Untamed (A Bad Boy Secret Baby Romance)(157)
I still my hands, place one on his knee to steady it. His flesh feels burning hot. Just touching him is making my heartbeat quicken.
His smell, just faint, reaches my senses. I try to ignore it.
Carefully, I trace the inside line of the jellyfish’s main outline with the machine. I’m holding it about an inch above his skin, but getting a feel for the device, how long the needle extends, the weight in my hands, the balance. There are a great many models of tattoo machines, and little standardization because of the industry’s taboo nature. Understanding the weight and balance is crucial.
It’s a good machine, well-made, and light-weight. It pulls a little up – the back is heavier than the front – but that’s the way you want it to be. Better for the machine to fall out of your hands backwards away from the client’s skin, rather than forward into it.
“Okay,” I say, and look at Tina. “Where’s the reference design.”
She nods her head at the corkboard behind Pierce, and I notice it for the first time. There’s a cocktail napkin pinned to it.
“You’ve got to be kidding me,” I say to Pierce. “You designed this on a napkin?”
“And only during my date’s bathroom trips,” he says.
“What jellyfish is that?”
“Portuguese Man of War.” He smiles at me. “Tentacles go back dozens of feet, like the net cast off by a trawler. The fin-like thing you see? At distance, if you see it, it just looks like the fin of a dead fish. Difficult to notice if you’re in the water with it.”
“You go on a Discovery Channel binge, or something?”
I notice that Tina stiffens, but still she says nothing.
“Best guy I ever fought got tangled up in one while surfing.”
I suck in a breath of air, and feel instantly embarrassed and terrible. “I’m sorry.”
“He didn’t die. But he’ll never fight again. Too much nerve and muscle damage.”
Behind me I hear Tina sigh.
“Why are you getting this tattoo?”
“Because I haven’t fought a guy who challenged me as much. I miss it.” The tone of his voice has changed. He’s become less… well, posturing.
“Alright. Tina, what are we doing first?”
She traces the outline of the fin that sits on top of the jellyfish’s body, and then tells me that the fin actually undulates – like a seashell. I know exactly what she means, and take another look at the drawing on the napkin, and figure out what Pierce was trying to do. He got the angles of the shadowing wrong. The guy can’t draw for the life of him.

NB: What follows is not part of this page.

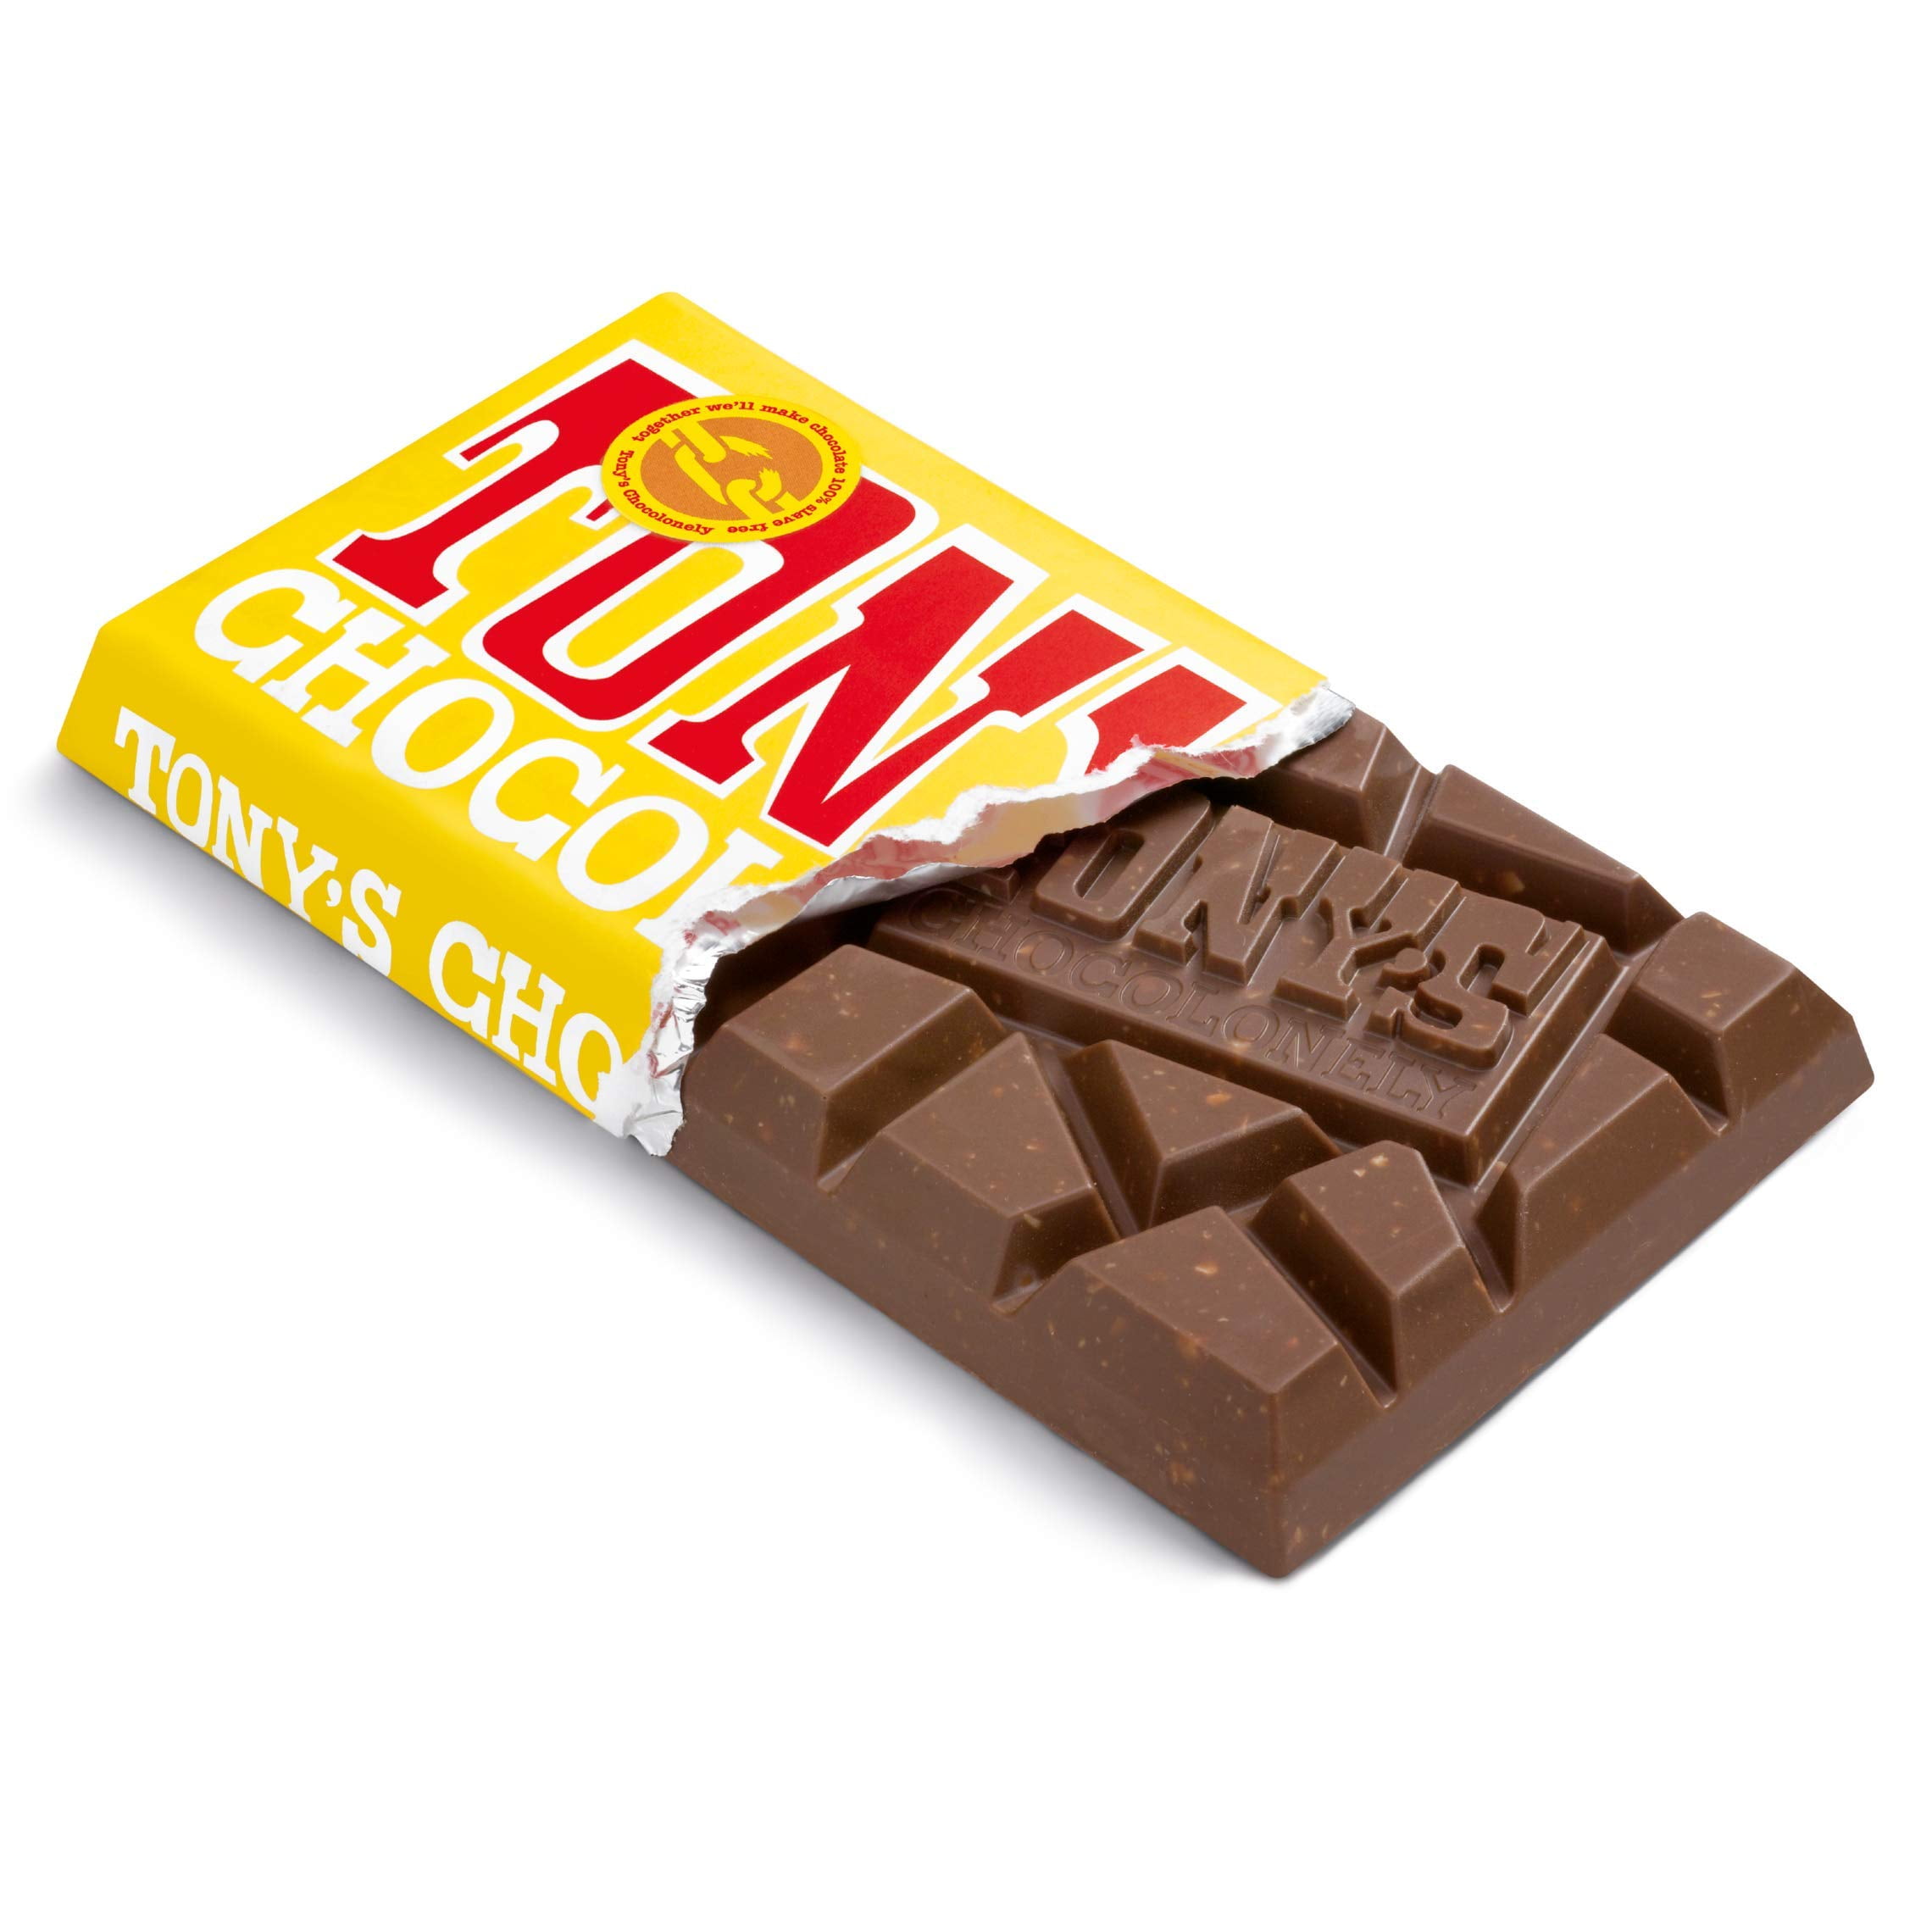 Tony's Chocolonely 32% Milk Chocolate Bar with Honey Almond Nougat, 6.35  Ounce, 15 Pack

“Alright,” I say. I look at him one last time, and when I meet his snowy eyes, it’s like I’ve been injected with adrenaline. I’ve suddenly got a buzz. I’m bordering on shaking.
I never expected this kind of exhilaration when giving a tattoo. I hope it never fades.
“Are you sure about this? You want me to try?”
“Getting cold feet?”
“No. But I’m not so full of myself that I can’t admit I might make a mistake… unlike you.”
“What can I say? I’m a risk taker.”
I sigh. “Fine. But seriously, this will hurt.”
“Nah. It won’t.”
A moment later I press it into his skin. He doesn’t even flinch, and despite knowing I shouldn’t, I press it in a little harder.
“Woah, Pen, take it easy!”
“Relax,” I say. “It’s not your first time.”
“But it is yours… among other things.”
“Not so hard,” Tina interjects. She puts her hands on mine, guides me. “Just like this. The skin here is very delicate, very easy to mark. Not like a hand or top of the arm.”
“I understand, Tina.”
I begin shadowing on the fin, and to my great satisfaction, I feel his body temperature begin to rise through my palm steadying his knee.
“Sure it doesn’t hurt?” I say, sneering, but not breaking concentration. “Your body temperature is increasing; this is typically a sign of physical distress, or pain.” I say it in as smug a voice I can.
“Nah,” he says. I know he’s grinning. I can hear it in his voice. “I just think you look really hot like this, head down in my lap.”
Appalled, I turn my eyes to him, and that’s when I notice that his penis is starting to get hard.
“Oh, for fuck’s sake,” I cry, slapping the tattoo machine down on the metal tray and pushing my chair back. I get up, and walk away, and stand at the window, shaking my head. “You’re such an asshole, Pierce.”
“Hey!” he says, voice all don’t-blame-me. “It’s you. You do it to me.”